You may use re.findall for that:
>>> import re
>>> s = "a = b+c; z = 34;"
>>> pat = " |=|;|[^ =;]*"
>>> re.findall(pat, s)
['a', ' ', '=', ' ', 'b+c', ';', ' ', 'z', ' ', '=', ' ', '34', ';', '']

The pattern basically says: match either a space, a '=', a ';', or a sequence of
any characters that are not space, '=' or ';'. You may have to take care
beforehands about special characters like \n or \ (very special in regular
expressions)

HTH
 
P

Paul McGuire

Maarten van Reeuwijk said:
Hi group,

I need to parse various text files in python. I was wondering if there was a
general purpose tokenizer available. I know about split(), but this
(otherwise very handy method does not allow me to specify a list of
splitting characters, only one at the time and it removes my splitting
operators (OK for spaces and \n's but not for =, / etc. Furthermore I tried
tokenize but this specifically for Python and is way too heavy for me. I am
looking for something like this:


splitchars = [' ', '\n', '=', '/', ....]
tokenlist = tokenize(rawfile, splitchars)

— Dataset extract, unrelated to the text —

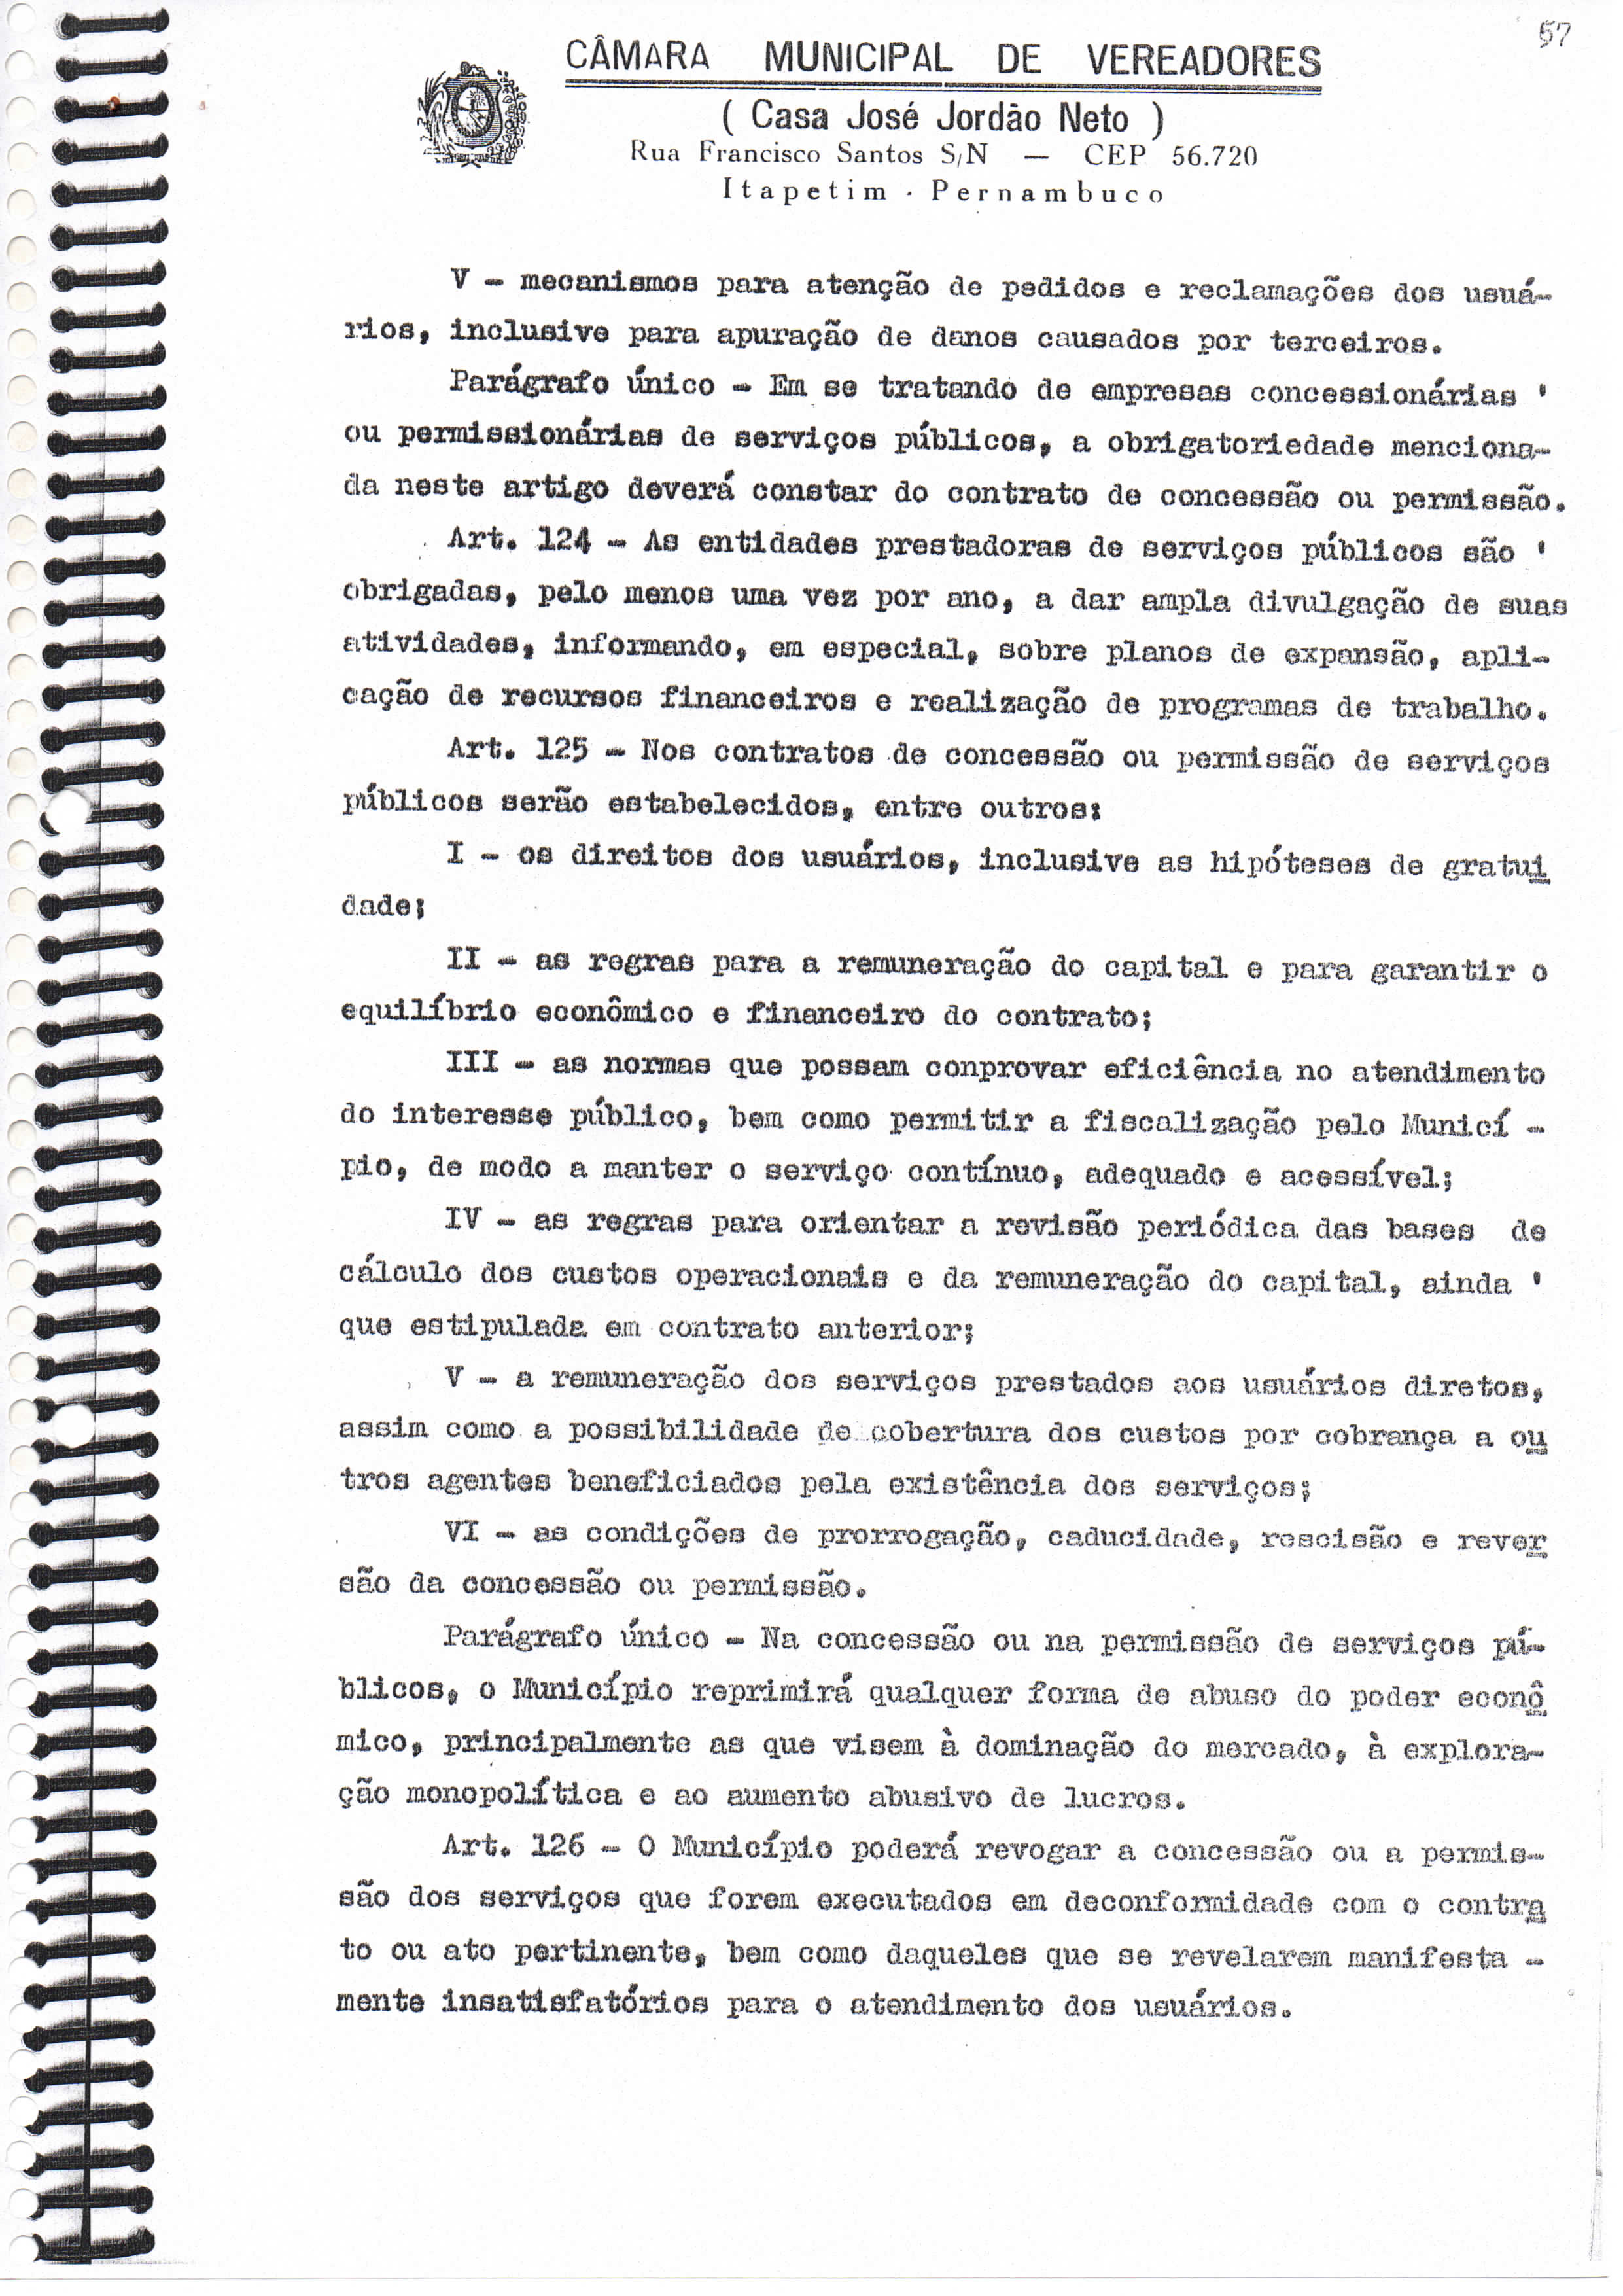 Lei Organica do Municipio_Página_65.jpg

Is there something like this available inside Python or did anyone already
make this? Thank you in advance

Maarten
--
===================================================================
Maarten van Reeuwijk Heat and Fluid Sciences
Phd student dept. of Multiscale Physics
www.ws.tn.tudelft.nl Delft University of Technology
Maarten -
Please give my pyparsing module a try. You can download it from SourceForge
at http://pyparsing.sourceforge.net. I wrote it for just this purpose, it
allows you to define your own parsing patterns for any text data file, and
the tokenized results are returned in a dictionary or list, as you prefer.
The download includes several examples also - one especially difficult file
parsing solution is shown in the dictExample.py script. And if you get
stuck, send me a sample of what you are trying to parse, and I can try to
give you some pointers (or even tell you if pyparsing isn't necessarily the
most appropriate tool for your job - it happens sometimes!).

-- Paul McGuire

Austin, Texas, USA
 
A

Alan Kennedy

Maarten said:
I need to parse various text files in python. I was wondering if
there was a general purpose tokenizer available.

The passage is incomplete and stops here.